Personal observations after Tuesday's Democratic losses:
- I regret the defeat of several senior congressional Democrats, including Sen. Russ Feingold and several key committee chairs, Reps. Jack Spratt, Ike Skelton, and Jim Oberstar, who deserved better after long public service. Sen. Blanche Lincoln also went down, in large part because of the labor movement's destructive attempt to purge her in the Arkansas Democratic primary. In Arizona, where I spend part of my time, I was dismayed by the defeats of Reps. Anne Kirkpatrick and Harry Mitchell, two intelligent, constructive Democrats who were unseated by far less qualified first-time Republican candidates.
- I also regret that Sen. Harry Reid and current House Speaker Nancy Pelosi apparently will continue in 2011 as the public face and voice of congressional Democrats.
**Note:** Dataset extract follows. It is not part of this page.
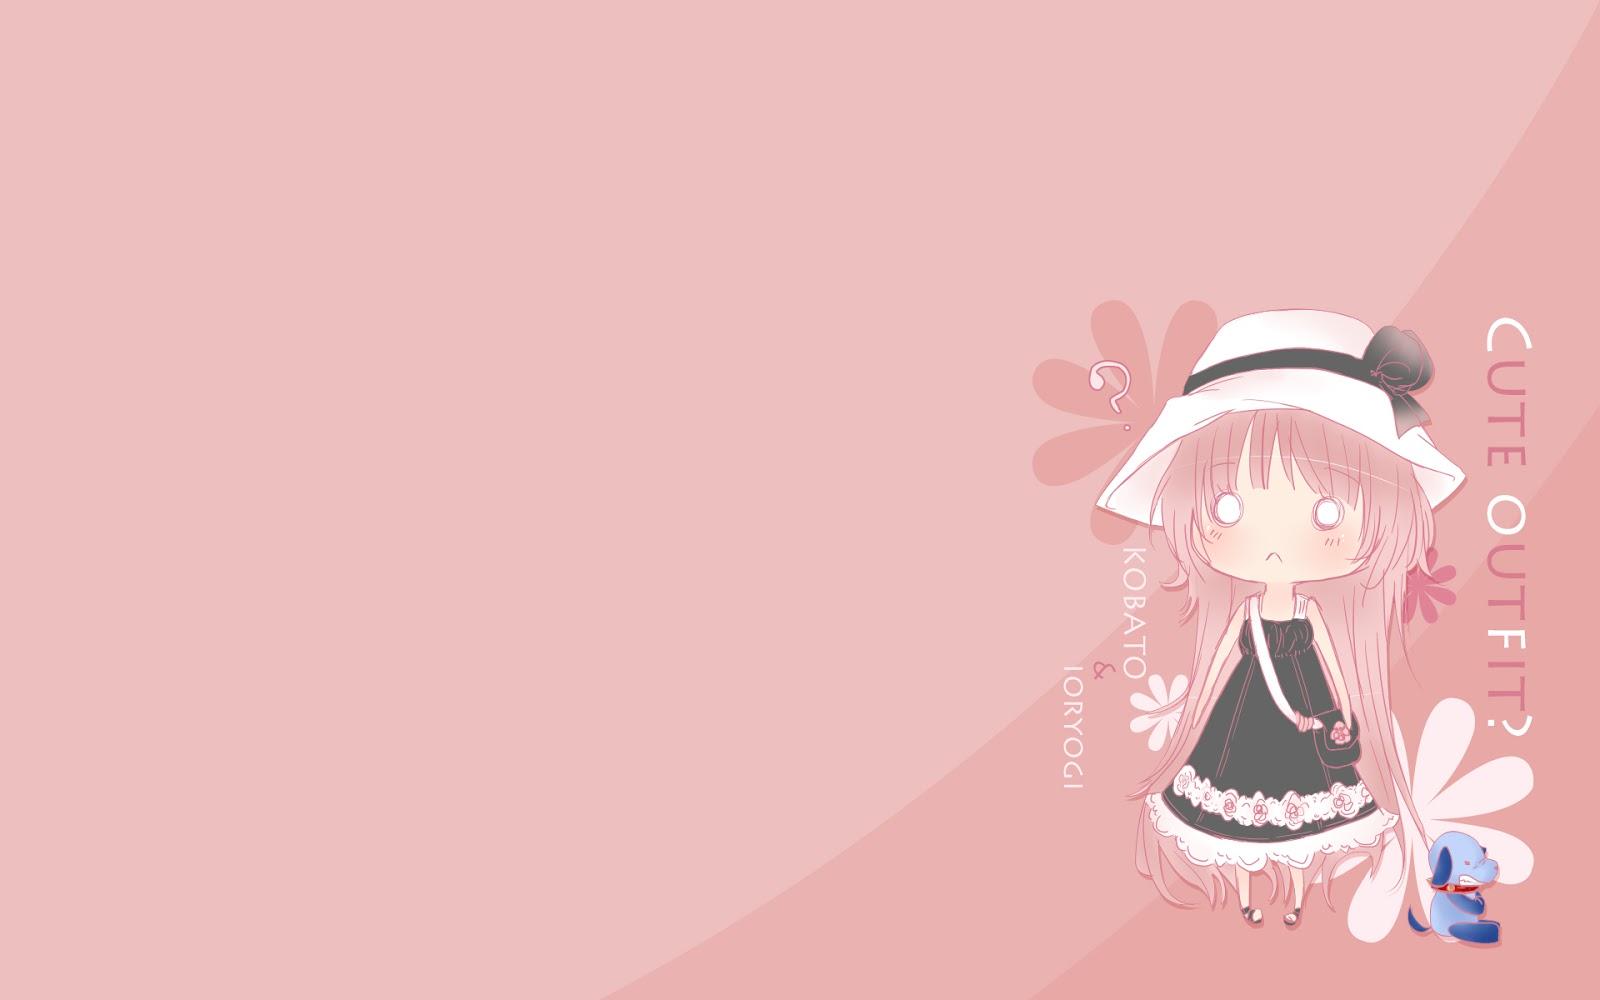 http://1.bp.blogspot.com/-uZBBzfzQqAY/T6pWBFt4VyI/AAAAAAAAAF8/_h56GkiZc1M/s1600/35+-+hanato_kobato+ioryogi+kobato+pink+wallpaper.jpg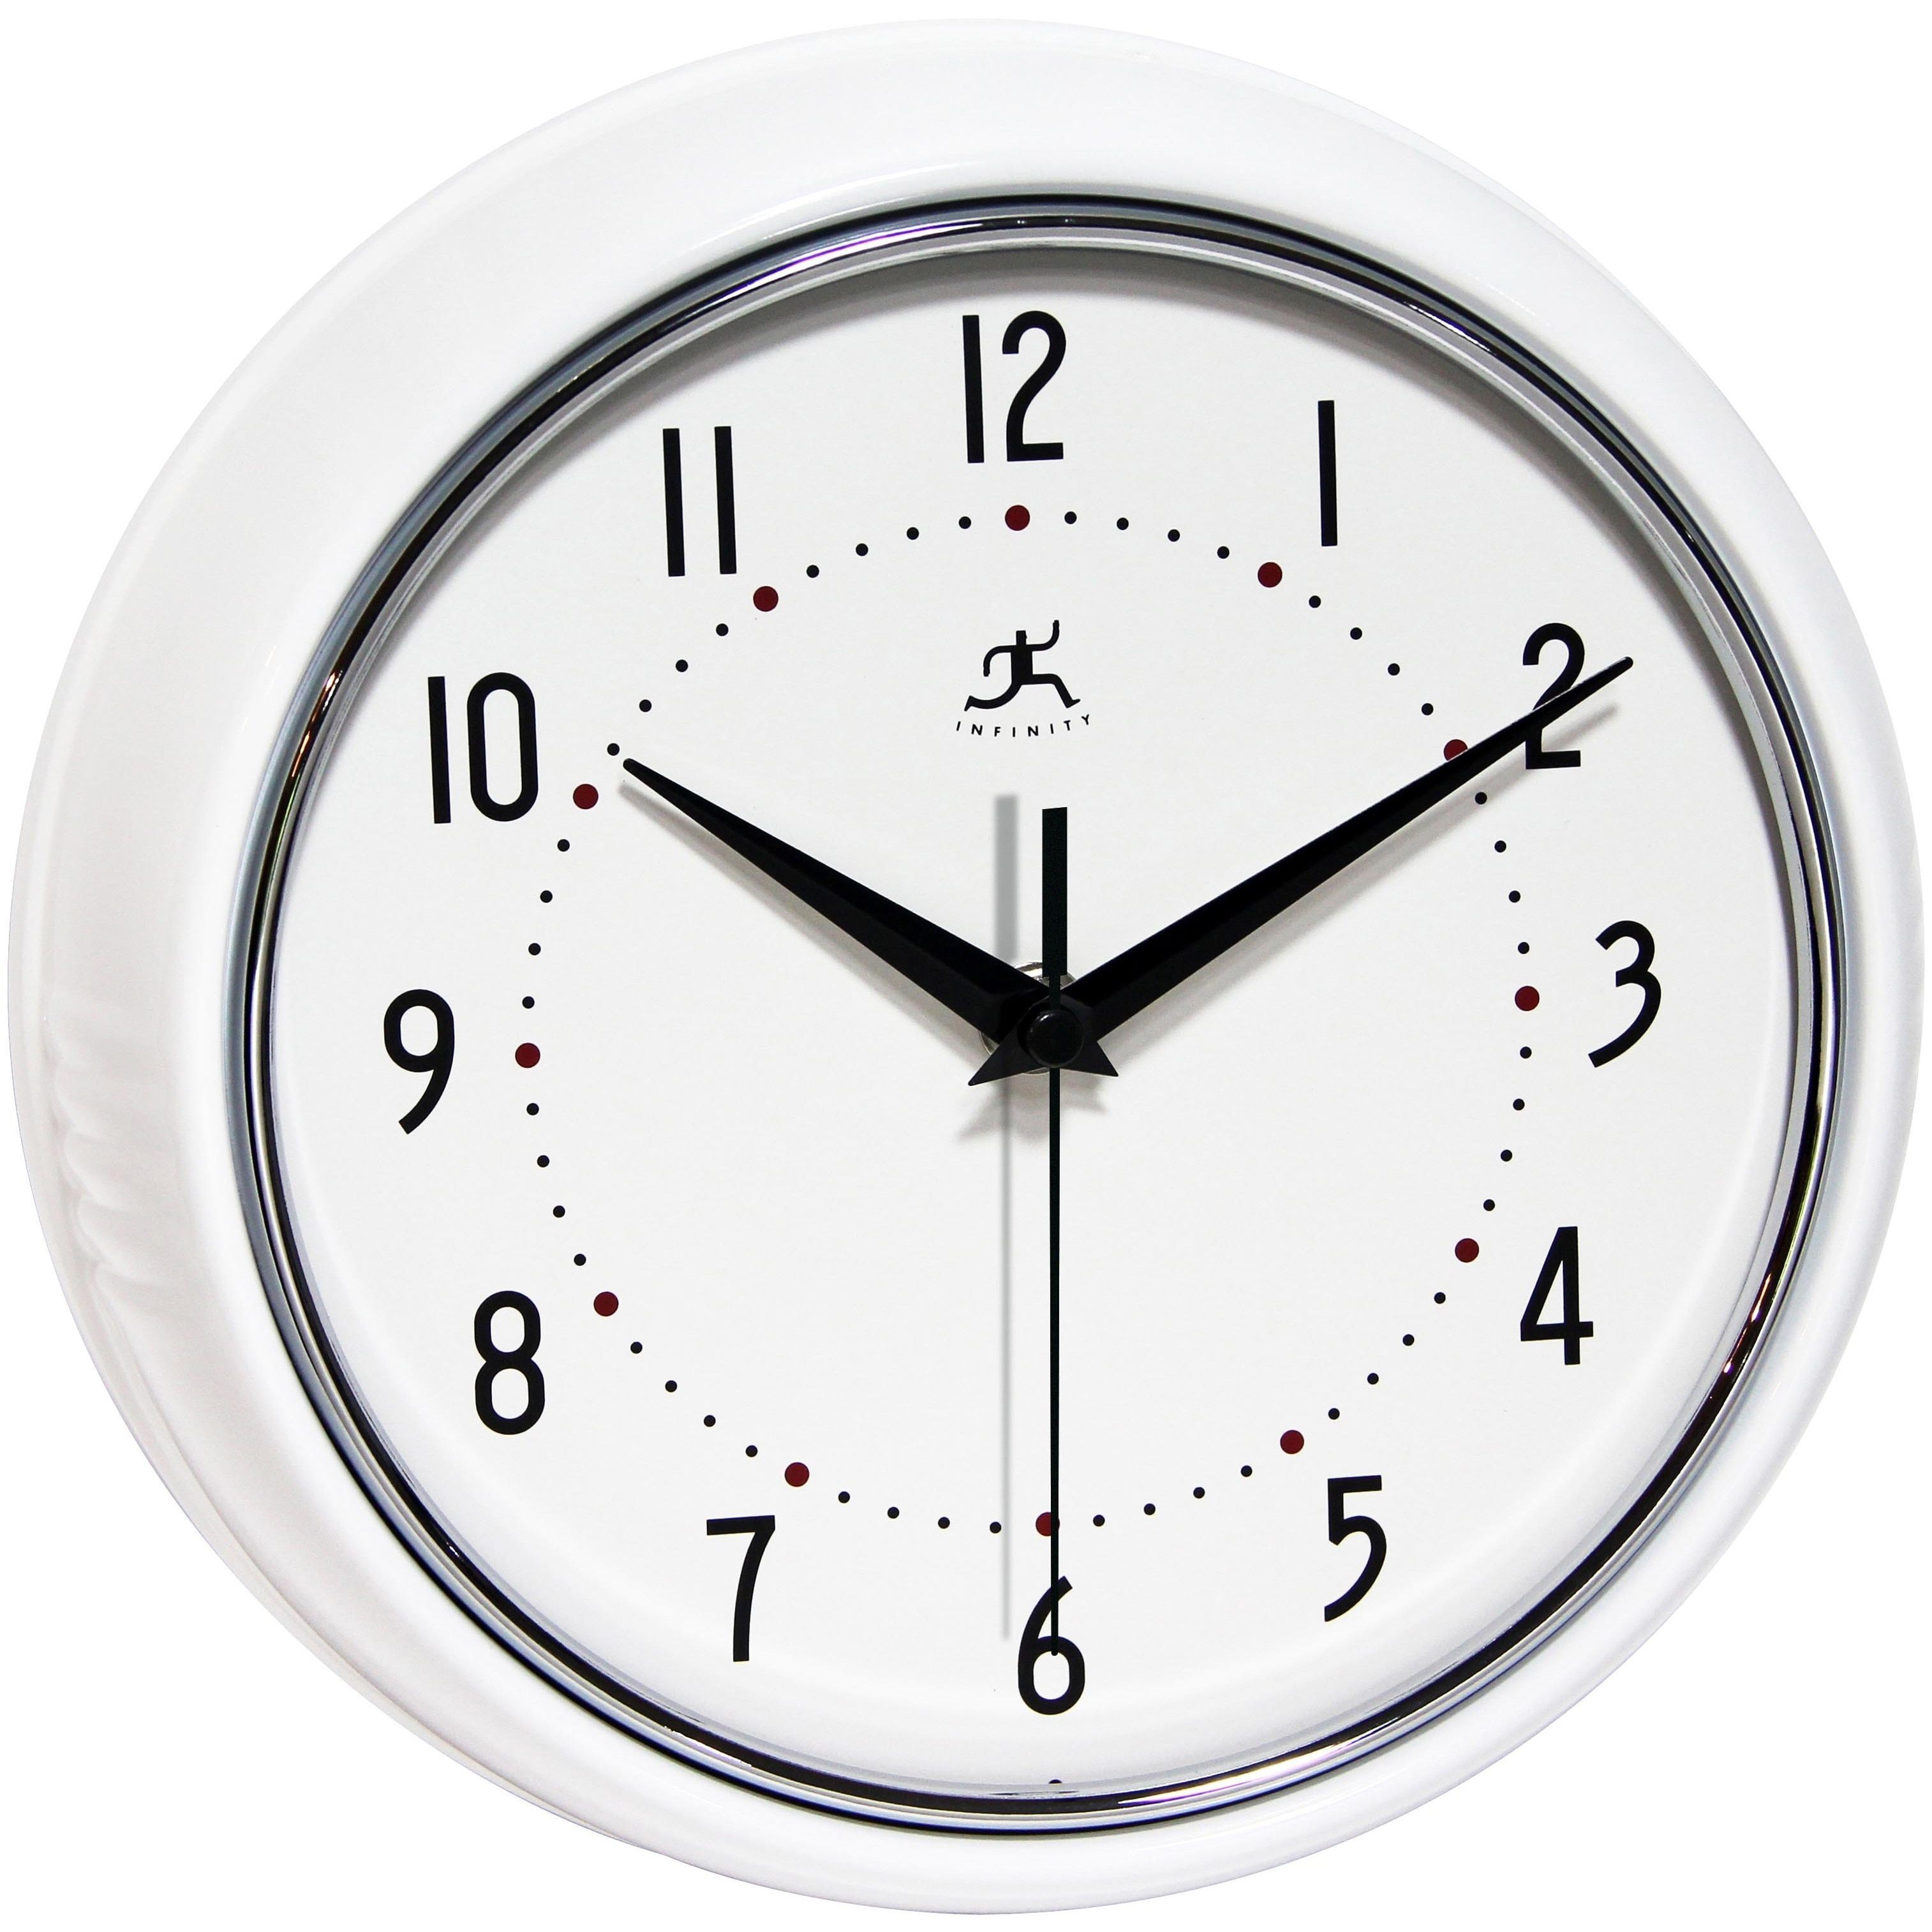 Infinity Instruments Retro 9.5-inch Round Wall Clock

Pelosi has not yet made her intentions known about 2011. Most prior speakers, after having sustained such losses, have simply retired from Congress. Others have continued to serve as ordinary Members. Only a handful returned to serve as leaders of their now-minority caucuses. Pelosi, though, would never cede leadership to her deputy, Rep. Steny Hoyer, a longstanding rival. Moreover, the heaviest losses Tuesday among congressional Democrats were among moderate, so-called Blue Dogs from marginal districts. Those remaining are for the most part liberals who have been Pelosi loyalists all along. So the odds strongly favor her re-election as House Democratic leader next January.
- The Obama White House and Cabinet will get more shaking up, although the quality of the replacement team remains a big question. Chief of staff Rahm Emanuel is returning to Chiago to run for mayor. Counselor David Axelrod is returning to Chicago to begin organizing Obama's 2012 re-election campaign. On the financial-economic side, White House economic czar Larry Summers and Obama's original Council of Economic Advisors chair and Office of Managment and Budget director also have departed. Treasury Secretary Tim Geithner is rumored exiting early in 2011. Defense Secretary Bob Gates, perhaps the ablest member of the Obama Cabinet, has announced he, too, will depart in 2011. Obama's national security advisor, Gen. Jim Jones, already has departed and been replaced by a capital political operator who formerly lobbied for Fannie Mae. A member of the Rotary Club audience Wednesday noted the almost complete absence in the administration of appointees with business or practical economic experience. I agreed with him that this omission should be corrected pronto.
- Foreign policy issues, not important in Tuesday's elections, will become increasingly important in 2011. The interventions in Iraq and Afghanistan are supposed to wind down next year. But will those countries be stable by then? If they are not stable, will Obama undertake a withdrawal anyway — in the knowledge that neither country involves vital American interests?
- The Tea Party movement, so important in Tuesday's elections, brought energy and voter turnout to Republican candidates. On the other hand, Tea Party-backed Republican Senate nominees in Connecticut, Delaware, Nevada, and Colorado ran so erratically in those states that Democrats held seats they otherwise likely would have lost to moderate, mainstream Republicans beaten in GOP primaries by Tea Partiers. I expect the movement and its agenda, as with prior such movements, to become subsumed within the two major parties in 2011 and not be a 2012 factor.
Will a Democratic rival challenge Obama for the 2012 presidential nomination? It is far too soon to tell. If, by late 2011, the president's approval ratings are down, the economy remains flat, and the country is perplexed by foreign interventions and offshore issues, a 2012 challenger likely will emerge. In a more favorable political climate, however, Obama could rally just as Bill Clinton rallied during 1995 and positioned himself for re-election in 1996.